In conclusion, selection of patients suitable for mammotome excision requires careful histological evaluation and thorough MDT discussion to ensure radiological–pathological correlation. Utilisation of mammotome excision in the management of non-atypical radial scars has significantly reduced the need for diagnostic surgery in the asymptomatic screening population.
In the absence of atypia on needle core biopsy, the risk of malignancy associated with radial scars is low.

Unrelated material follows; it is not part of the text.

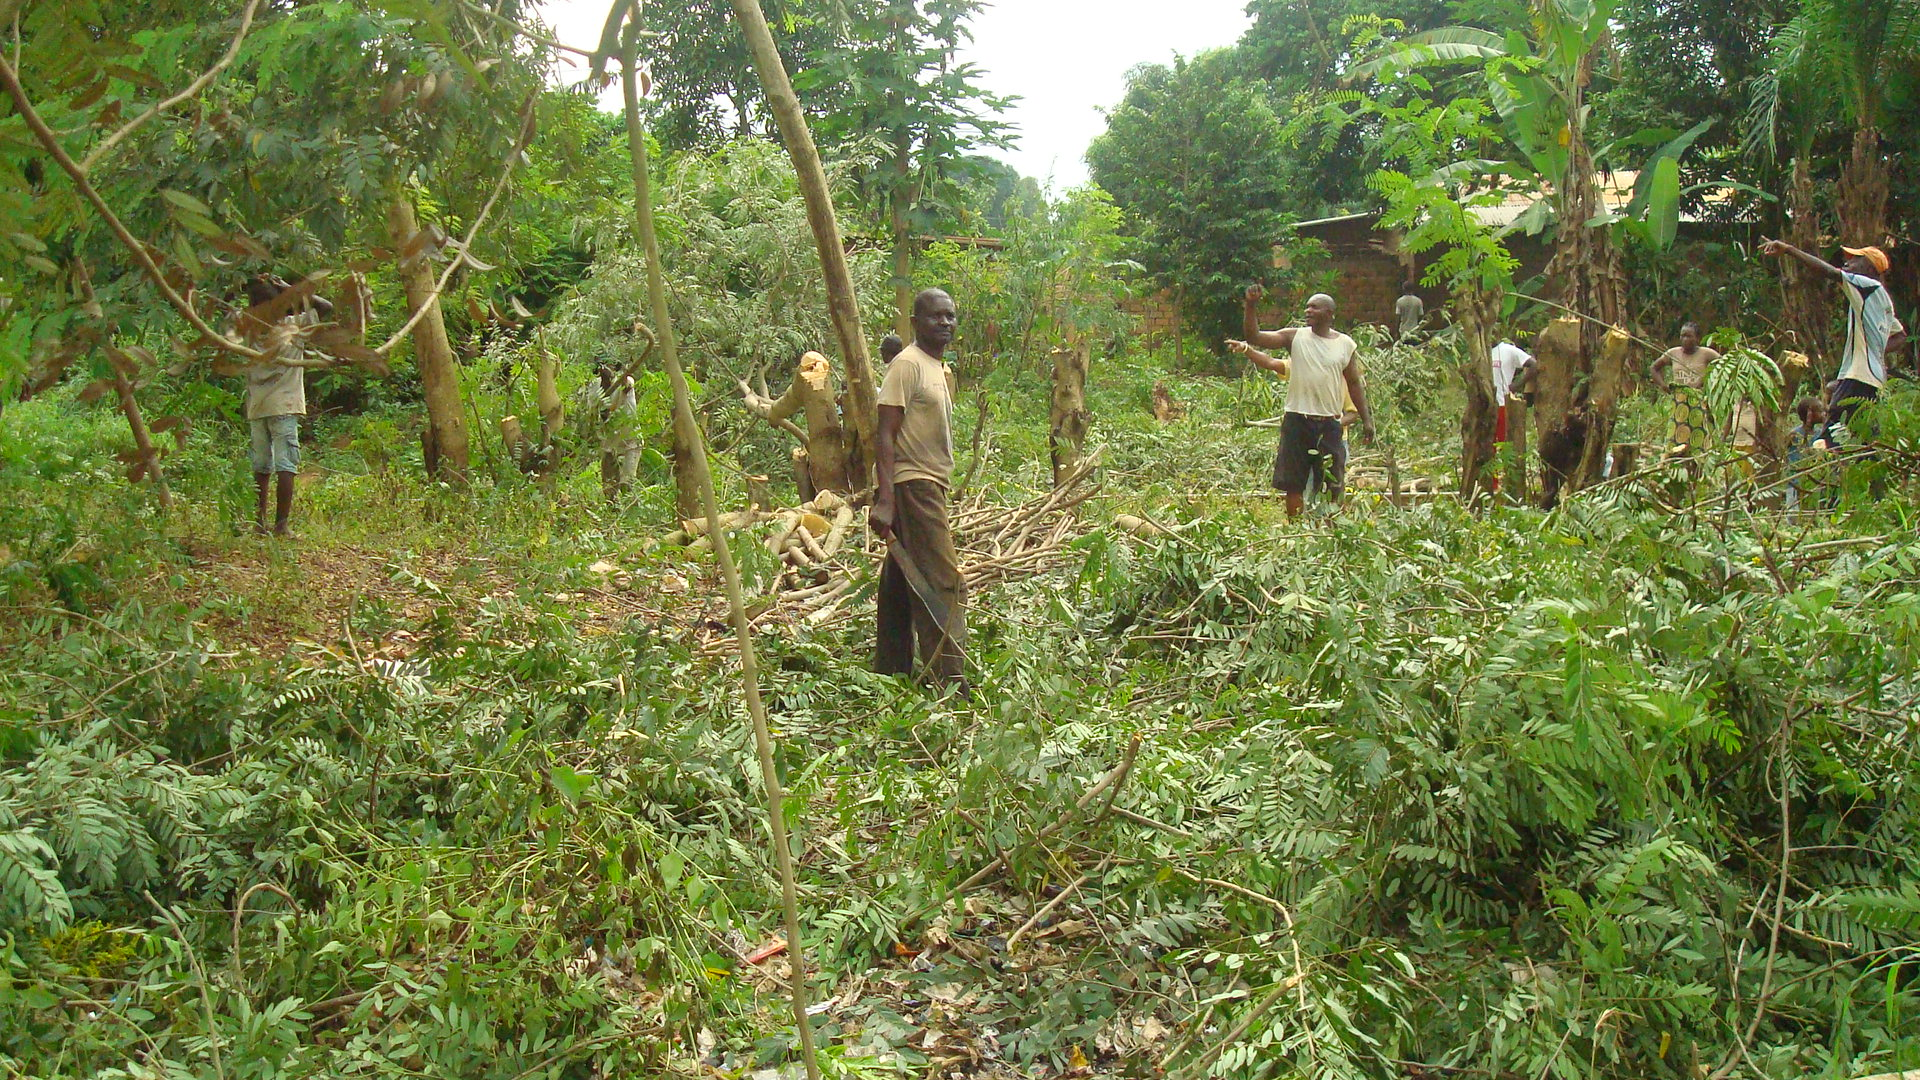 assainissement du milieu environnemental, Nkayi 2021 pcpacongo

Selection of cases suitable for mammotome excision requires careful histological evaluation and thorough multidisciplinary team discussion to ensure radiological–pathological concordance.
Mammotome excision enables a more conservative approach in the management of non-atypical radial scars in the asymptomatic screening population.
Competing interests None.
Provenance and peer review Not commissioned; externally peer reviewed.